The Carnivore bent his knees and rammed his feet into the first crate with such force that it crashed forward, propelling the second crate ahead of it. He heard a grunt, which told him Seymour had been hit.
The Carnivore jumped to his feet, and Seymour stumbled into view, looking for a target. Running, the Carnivore fired a quick shot to his thigh. As Seymour staggered, the Carnivore smashed his shoulder into him, sending him sliding across the floor. Seymour grunted.
The Carnivore kicked away the plastic pistol and stood over him. “No time for sweet good-byes.” He pointed his weapon down at the bridge of Seymour’s nose.
Seymour stared up, his large body somehow diminished by the vastness of the gallery. His beard looked more white than gray. “You were always sentimental.”
The Carnivore fired.
“Monster, monster!” Roza Levinchev came screaming in Russian around the corner, firing wildly.
A bullet grazed the Carnivore’s side. More bullets slashed into the wood boxes and ricocheted off the floor tiles. He plunged behind a crate.
“Give me the gun, Roza!” Judd’s voice was loud and commanding. “Dammit, are you insane? I’ll shoot you if I have to!”
In the sudden quiet, high heels clicked on the hard floor. Warily, the Carnivore stood up, watching Judd shepherd an unarmed Roza toward him. In one hand, Judd held the gun he had taken from the museum guard, and in the other hand the one he must have taken from her.
Furious and grief-stricken, she was cursing the Carnivore in Russian. Her head was up, her chin high. Tears streaked her cheeks. She knotted her hands and shook them wordlessly at him.
“I didn’t kill Katia,” the Carnivore told her. “Morgan’s the one who did it. His target was Krot, not her, if that’s any help. Yes, I shot Seymour. What did you expect? He paid the price all of us pay when we fail in our business.”
If there was such a thing as living fury, it was Roza. Her eyes blazed like blue fire. “Katia was my only child. I loved my husband. You’re an animal!”
The Carnivore could handle her anger. What was giving him pause was her grief. “I lost my daughter, too,” he found himself saying. “She’s my only child. I’d give a lot to have her back.” He studied her.
She stared silently at him. He saw despair in her eyes, then hopelessness.
“You want me to kill you,” he realized. Then: “I don’t do mercy killings. Get the hell out of here.”
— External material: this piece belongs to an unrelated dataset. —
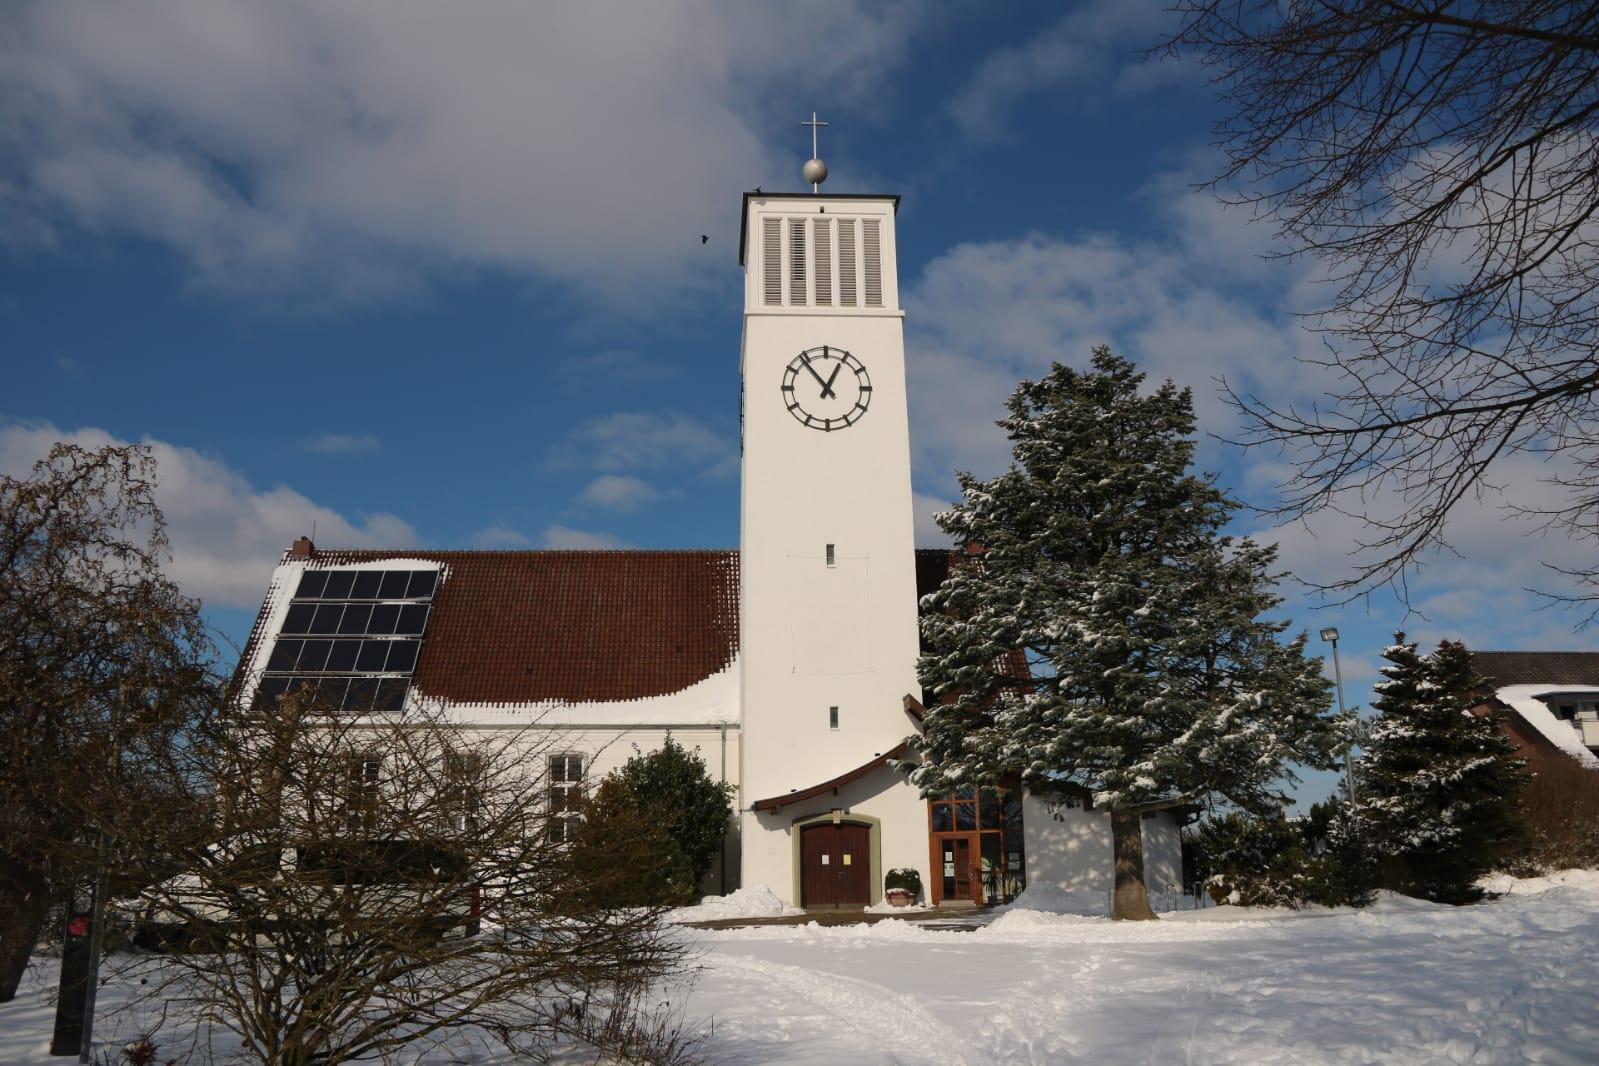 Kirche Sylbach Winter Martina Eikermann 6

She frowned. She took a step toward him.
Judd ran in front of her again, blocking her advance. “Get
out
!” he bellowed in her face. “Leave while you can!”
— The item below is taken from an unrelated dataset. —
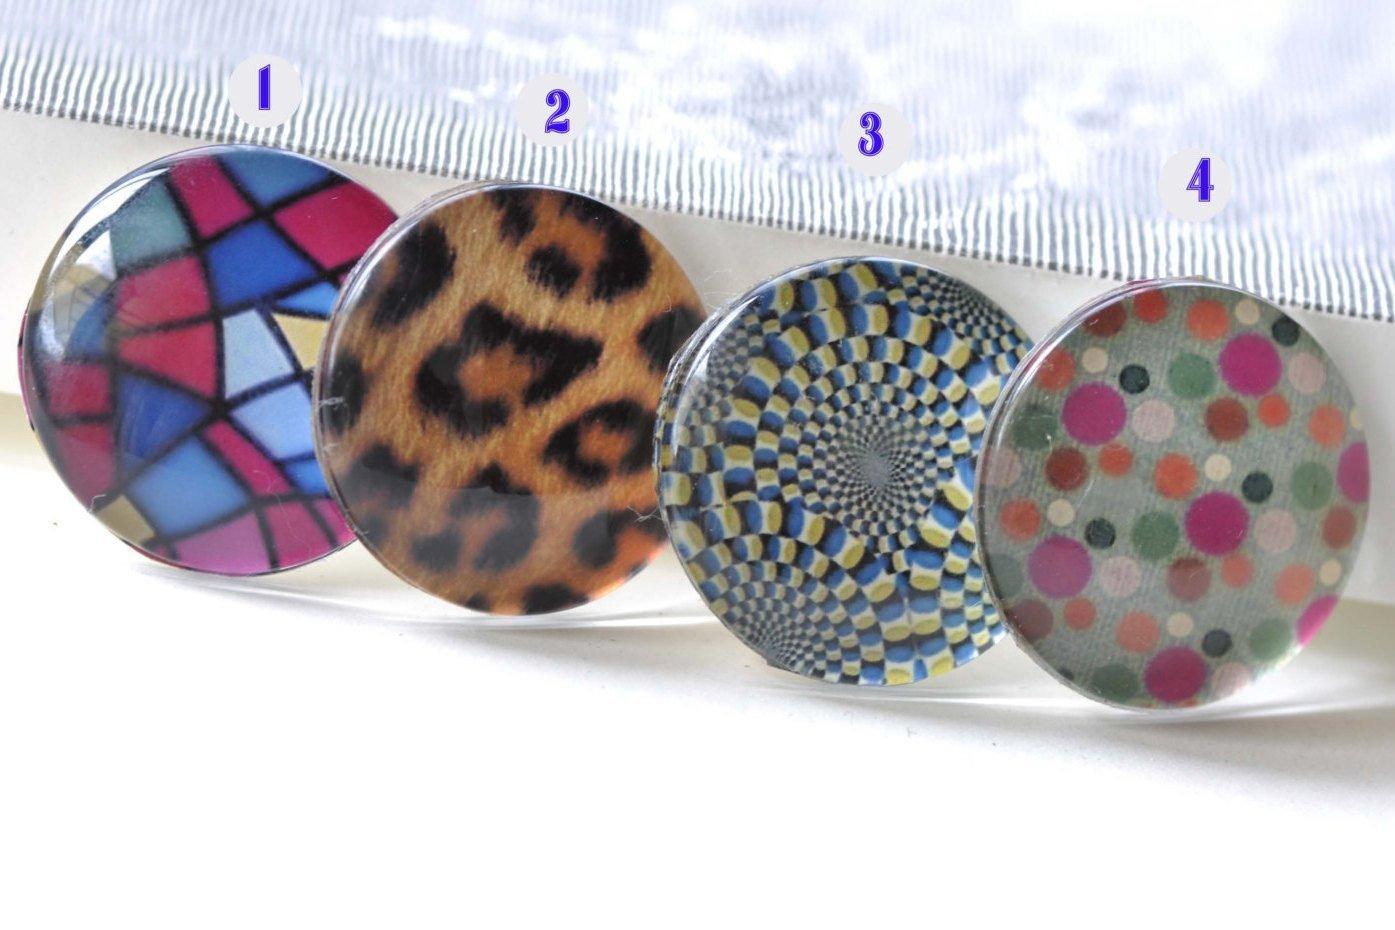 Abstract Geometric Pattern Photo Glass Cabochon Dome Cameo 25mm 5 pcs No.3  A8194

She seemed to shake herself. As if awakened from a trance, she peered jerkily around and rushed back the way she had come.
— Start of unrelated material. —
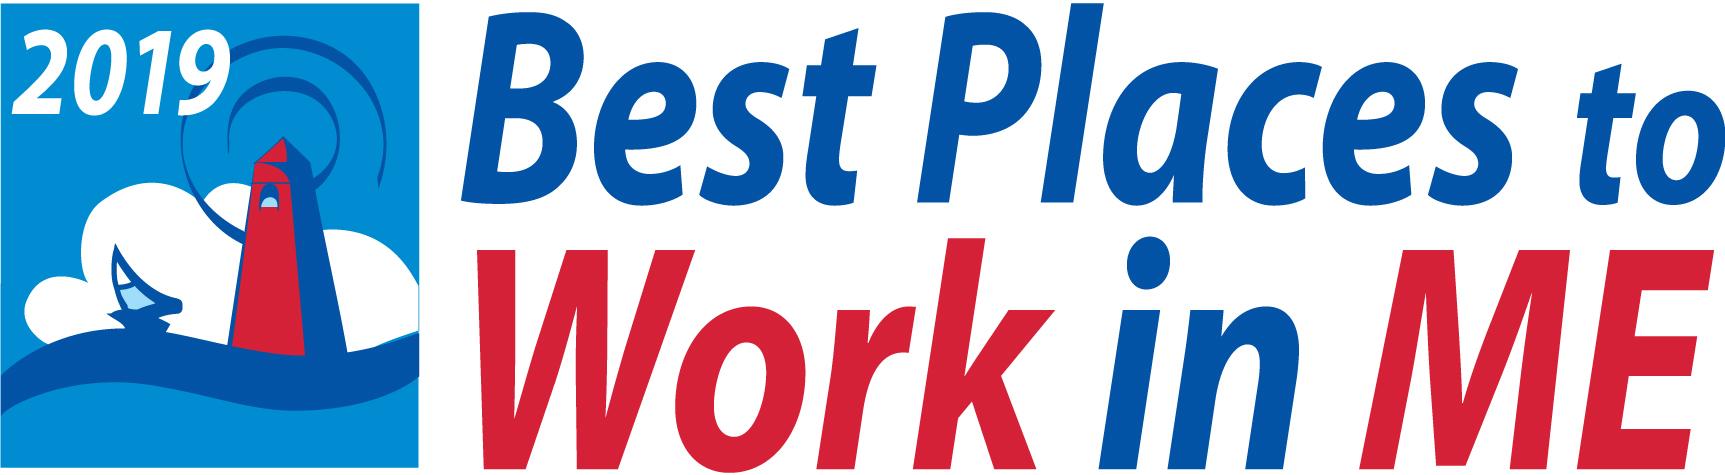 BPTW_Maine_2019_logo.jpg

The Carnivore walked to Seymour, fished through his pockets, and retrieved a small leather pouch. Pocketing it, he saw a side door farther along the gallery.
“Time for me to go.” He jogged toward it.
Judd called, “Bosa.”
His hand on the door latch, the Carnivore gazed back. The younger man’s weathered face was not just exhausted but somber. Something more had happened.
“Have you heard from Eva?” the Carnivore asked.
“Yes. She made it.” Judd walked toward him. “Morgan didn’t.”
The Carnivore sighed. Suddenly he felt old. Morgan and he had been together so long he had allowed himself to grow fond of the old man. Still, Morgan knew the risks. For a long moment, the Carnivore felt his own advancing years. “I’m getting close to when I’m going to have to retire,” he admitted. “I need to train a successor. I want to pass on what I know. I’ve been waiting for the right person to come along. You’re the right person, Judd. Think about it.” He lifted two fingers and touched his forehead.
Judd hesitated.
“I’ll be in contact.” The Carnivore thrust open the door and disappeared into the darkness.
To say that assassination never solved anything is as inaccurate as saying crime never pays. Or that all assassins come to a bad end.
—
The Book of Assassins,
George Fetherling
Silver Spring, Maryland
It was three months later. April brought a gentle spring, with daffodils and tulips blooming around the old colonial house that Eva and Judd had bought. After some discussion, they had decided that since they were starting a fresh life, they needed new digs, too.